What the exercise asks. Output the records below verbatim, minus the pictures.

*** Material for this task Section Begins ***

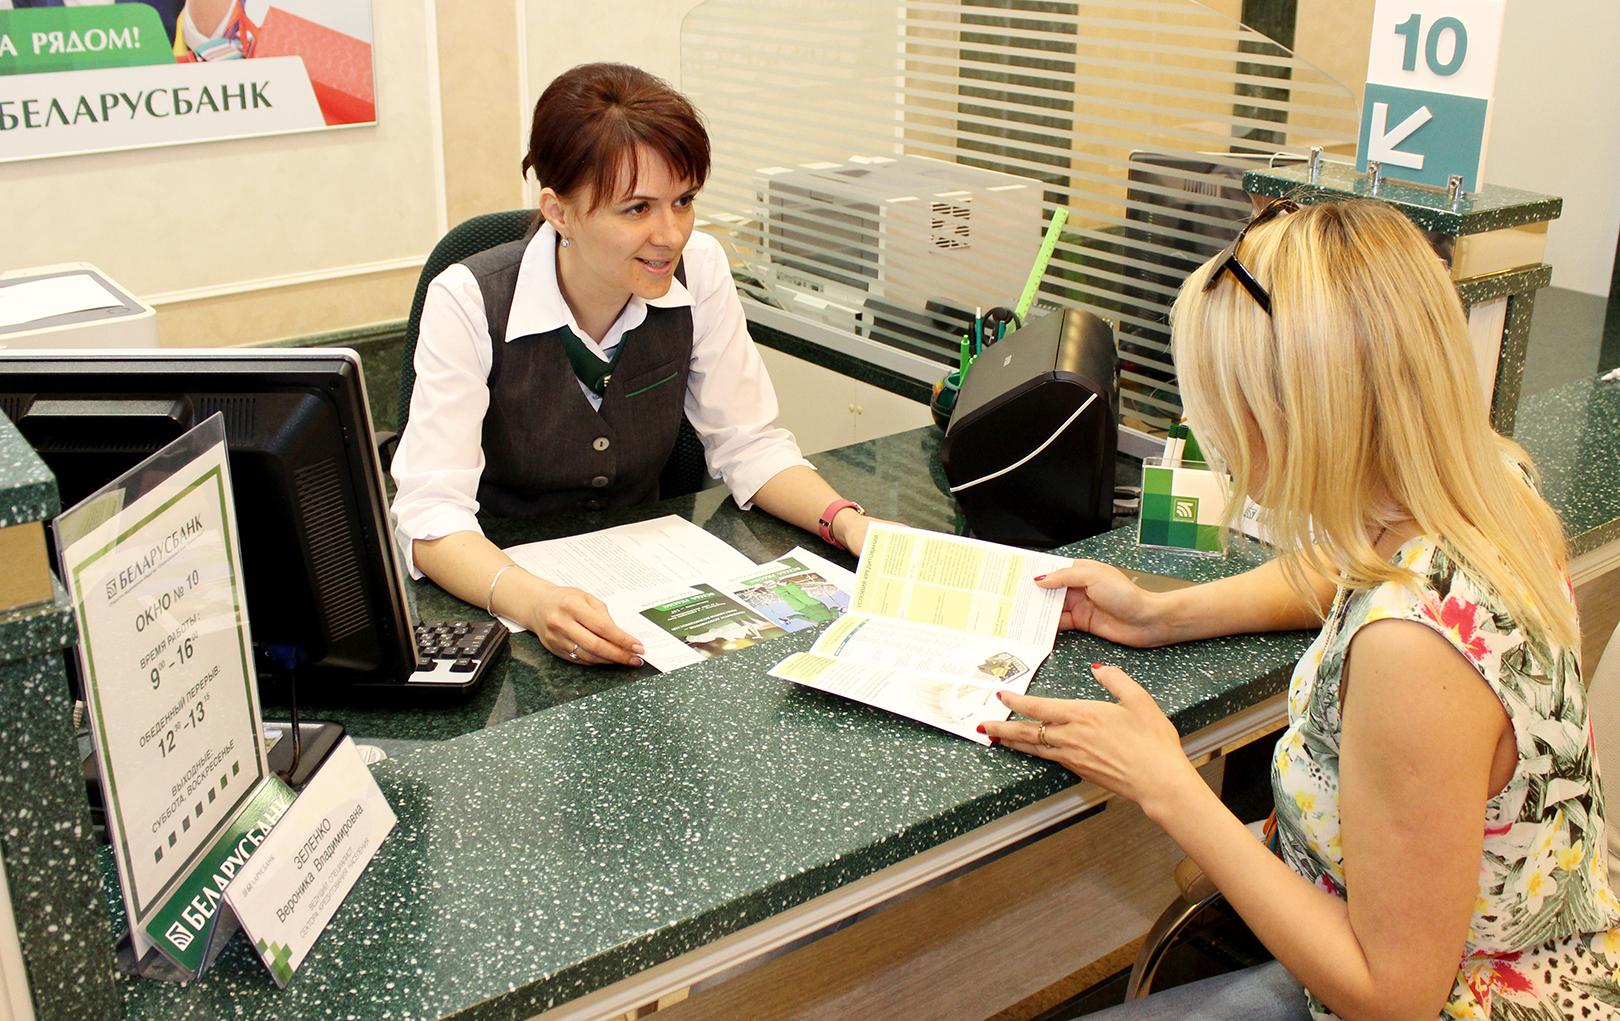 Почта банк отзывы клиентов по кредитам 2020
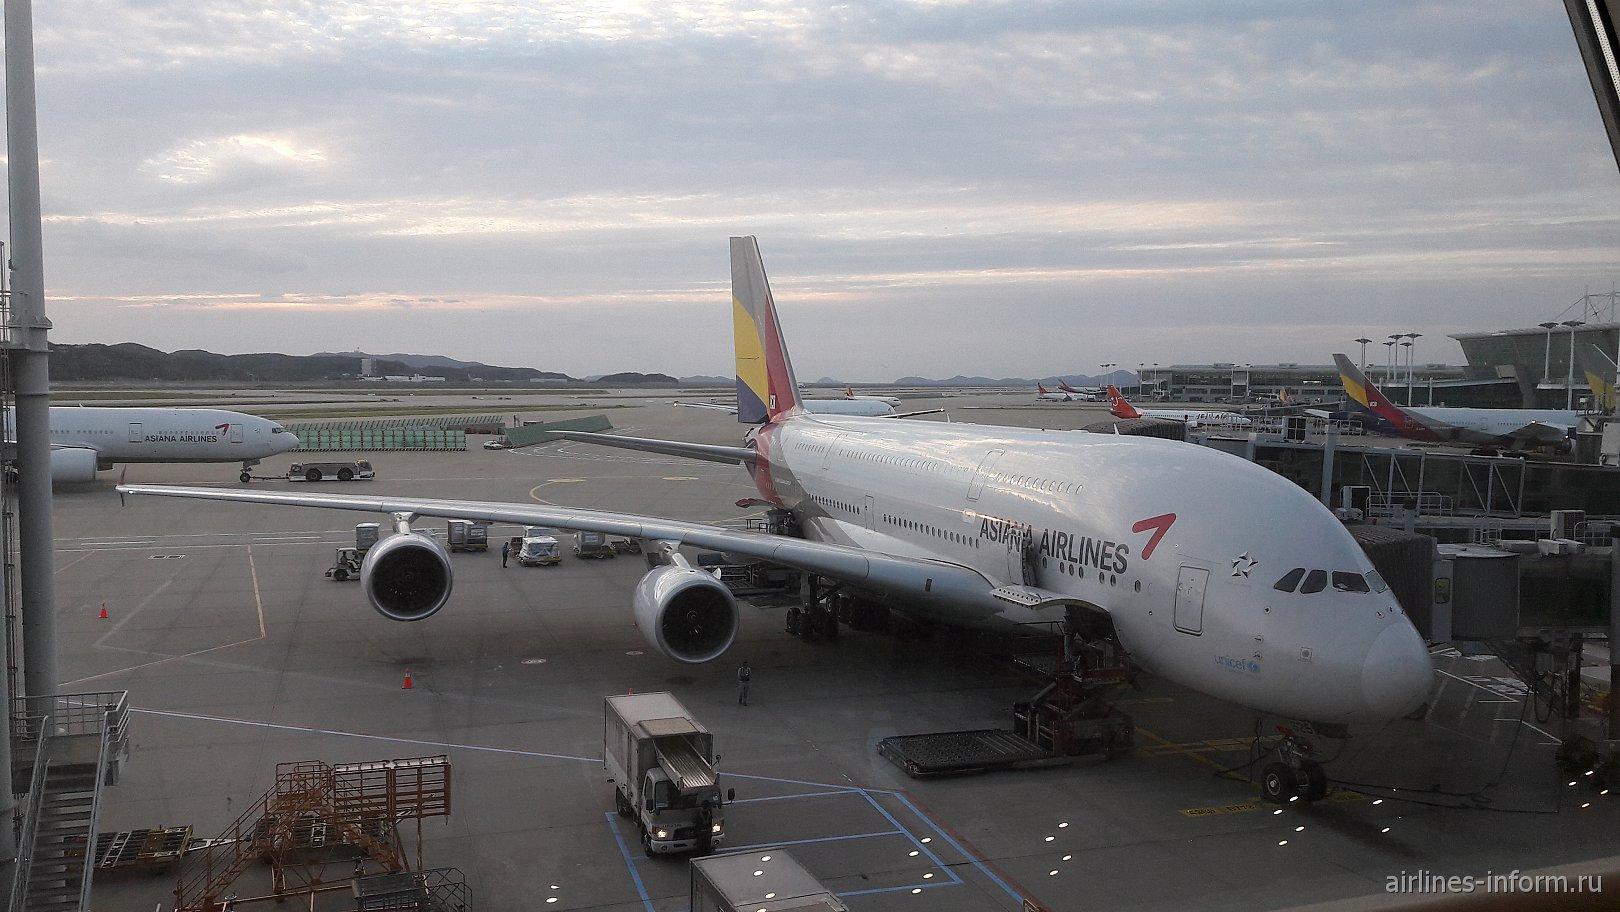 Asiana Airlines. Полет на 5 звезд, в лучшем экономическом классе мира 2016 года, ICN-BKK на Airbus A380.
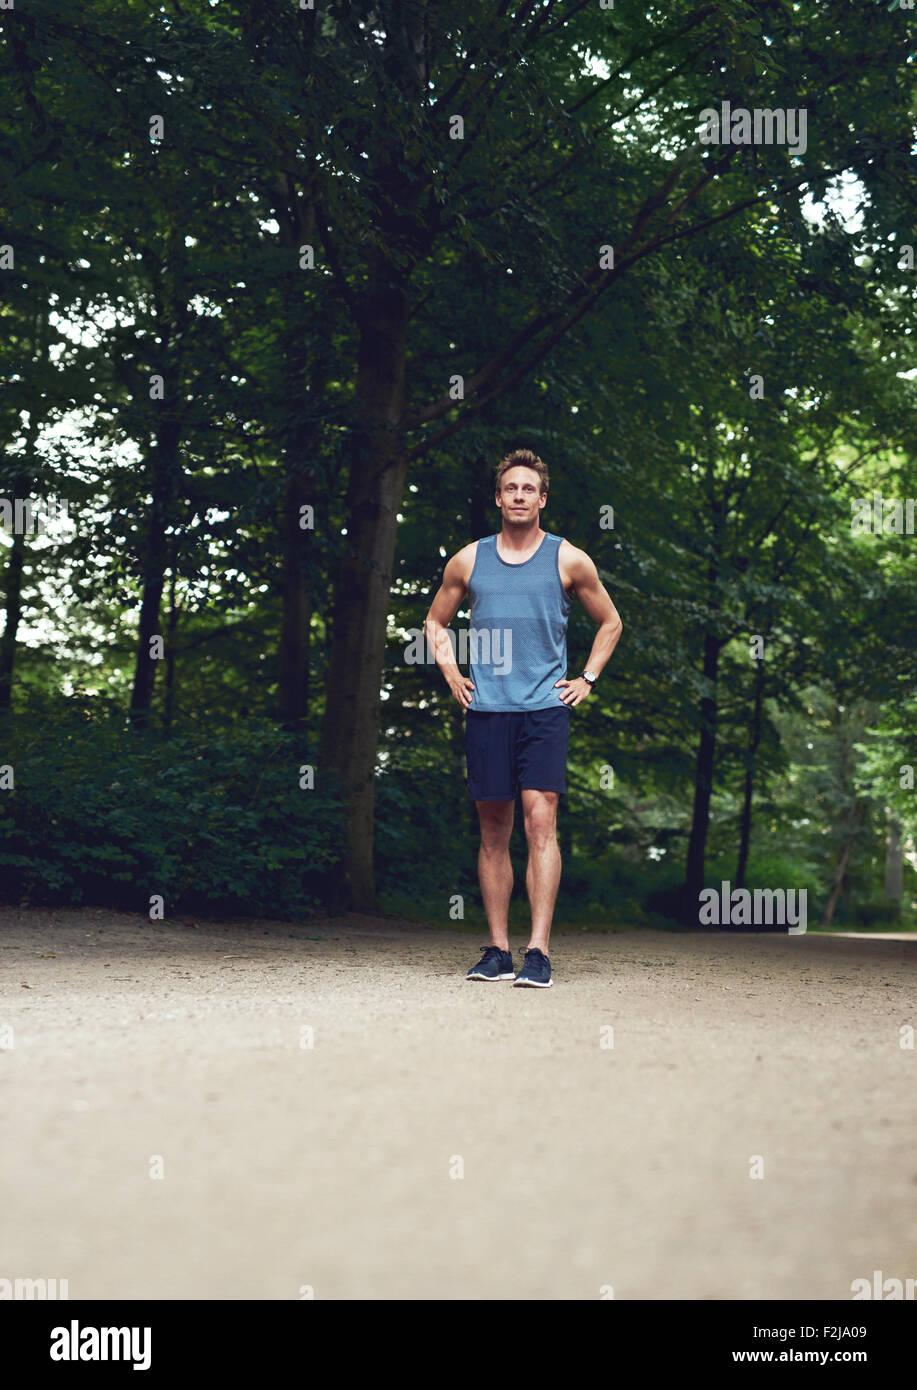 Sportliche junge Mann stehen im Park mit Händen hält seine Taille und suchen in der Ferne. Stockbild
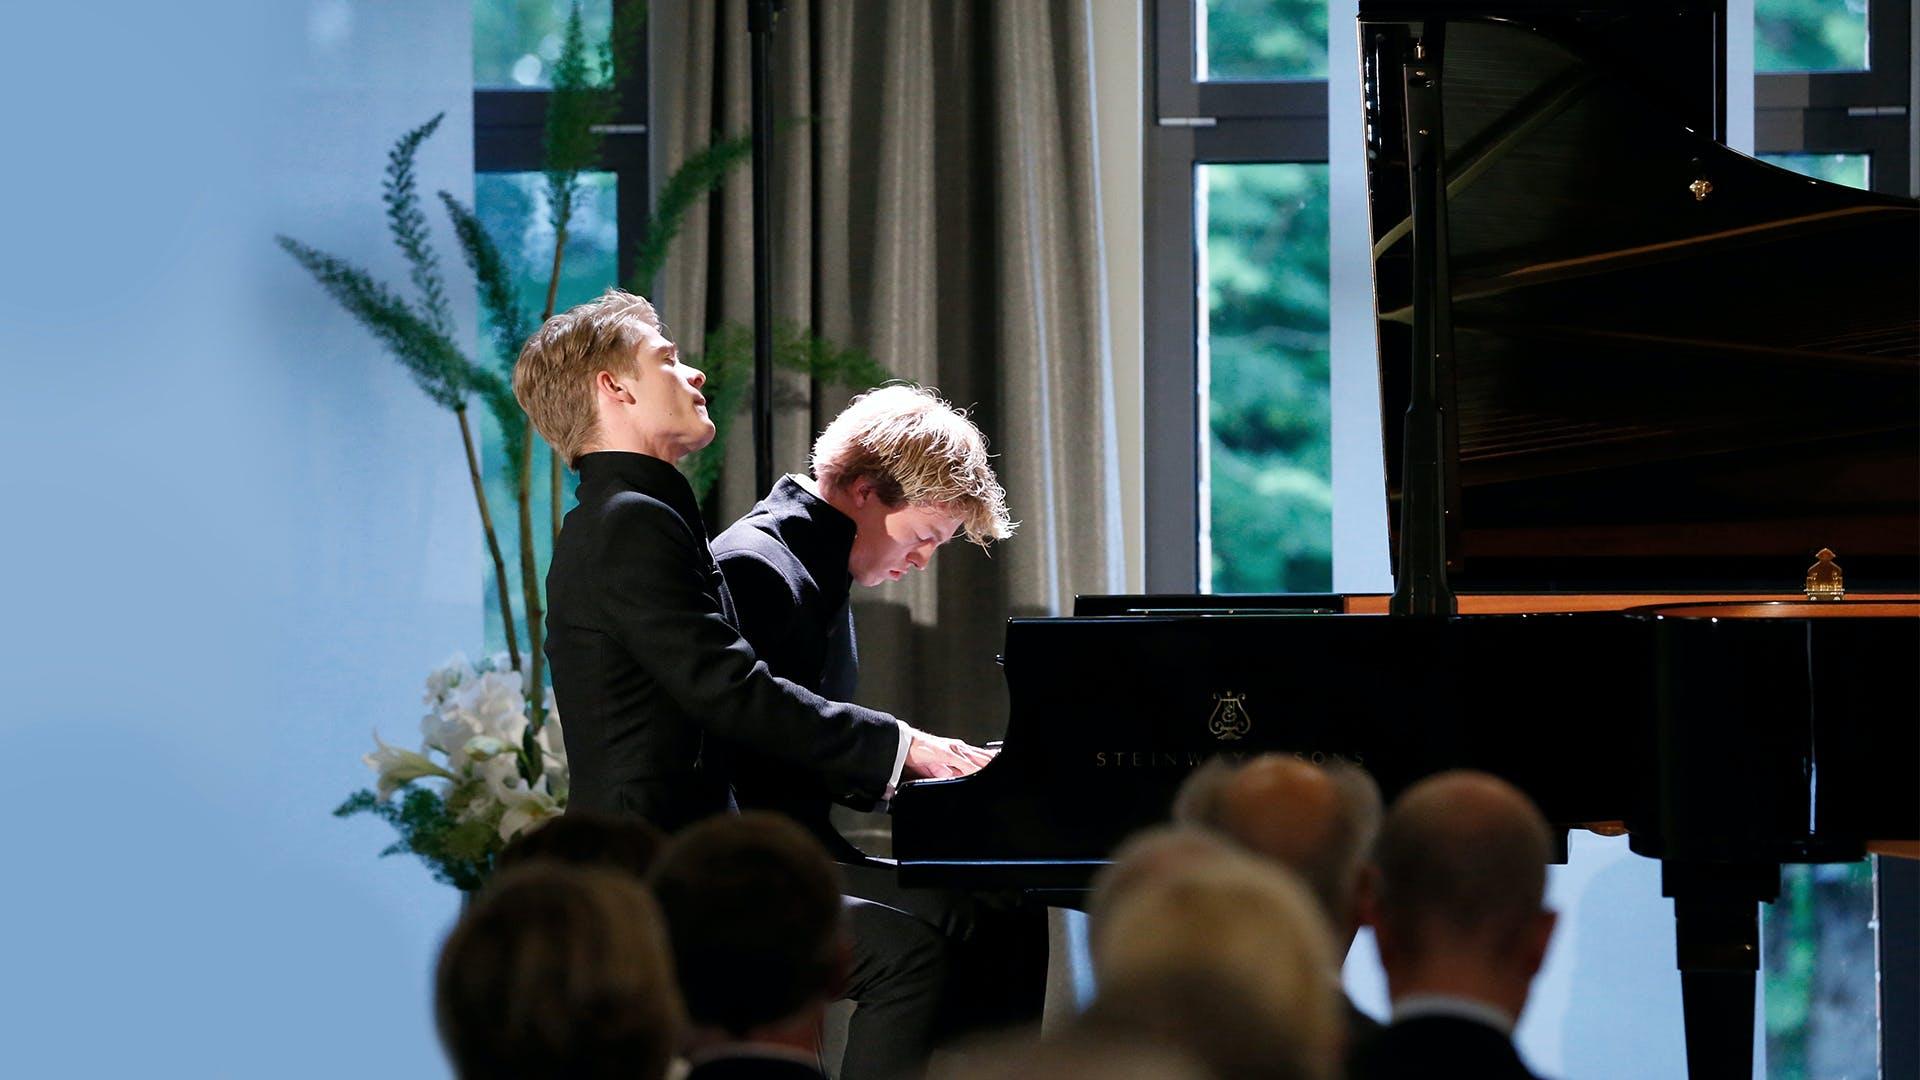 Klavierfestival Ruhr
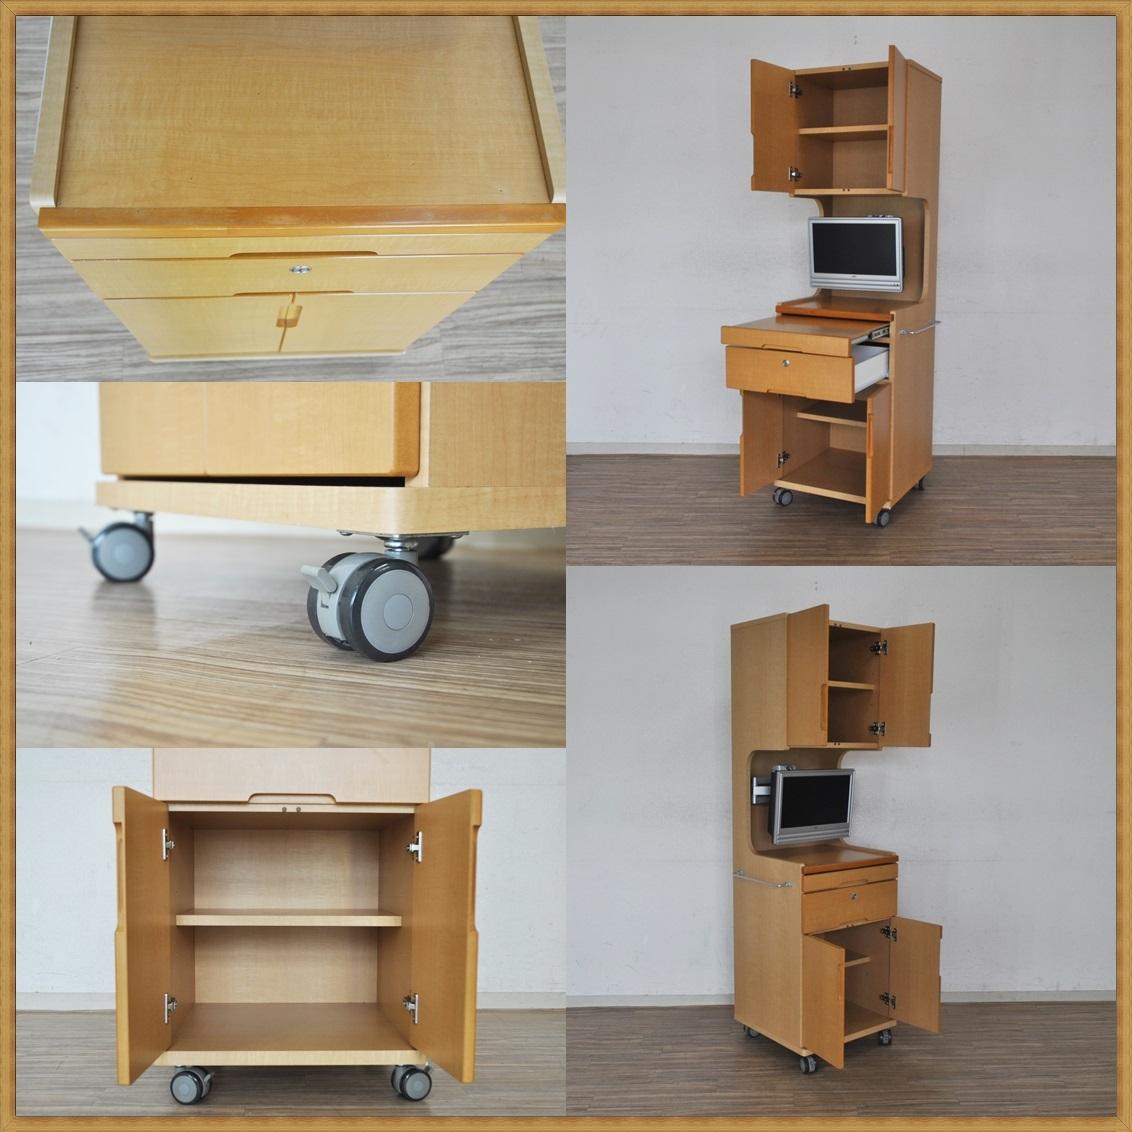 日本製ハイタイプ多機能型床頭台ONKYO LiVデジタルテレビB-CAS・リモコン・可動アーム付き 引出しスライドレール鍵付き収納棚 美完成品_画像8

*** Material for this task Section Ends ***

Exercise result.
 Почта банк отзывы клиентов по кредитам 2020
 Asiana Airlines. Полет на 5 звезд, в лучшем экономическом классе мира 2016 года, ICN-BKK на Airbus A380.
 Sportliche junge Mann stehen im Park mit Händen hält seine Taille und suchen in der Ferne. Stockbild
 Klavierfestival Ruhr
 日本製ハイタイプ多機能型床頭台ONKYO LiVデジタルテレビB-CAS・リモコン・可動アーム付き 引出しスライドレール鍵付き収納棚 美完成品_画像8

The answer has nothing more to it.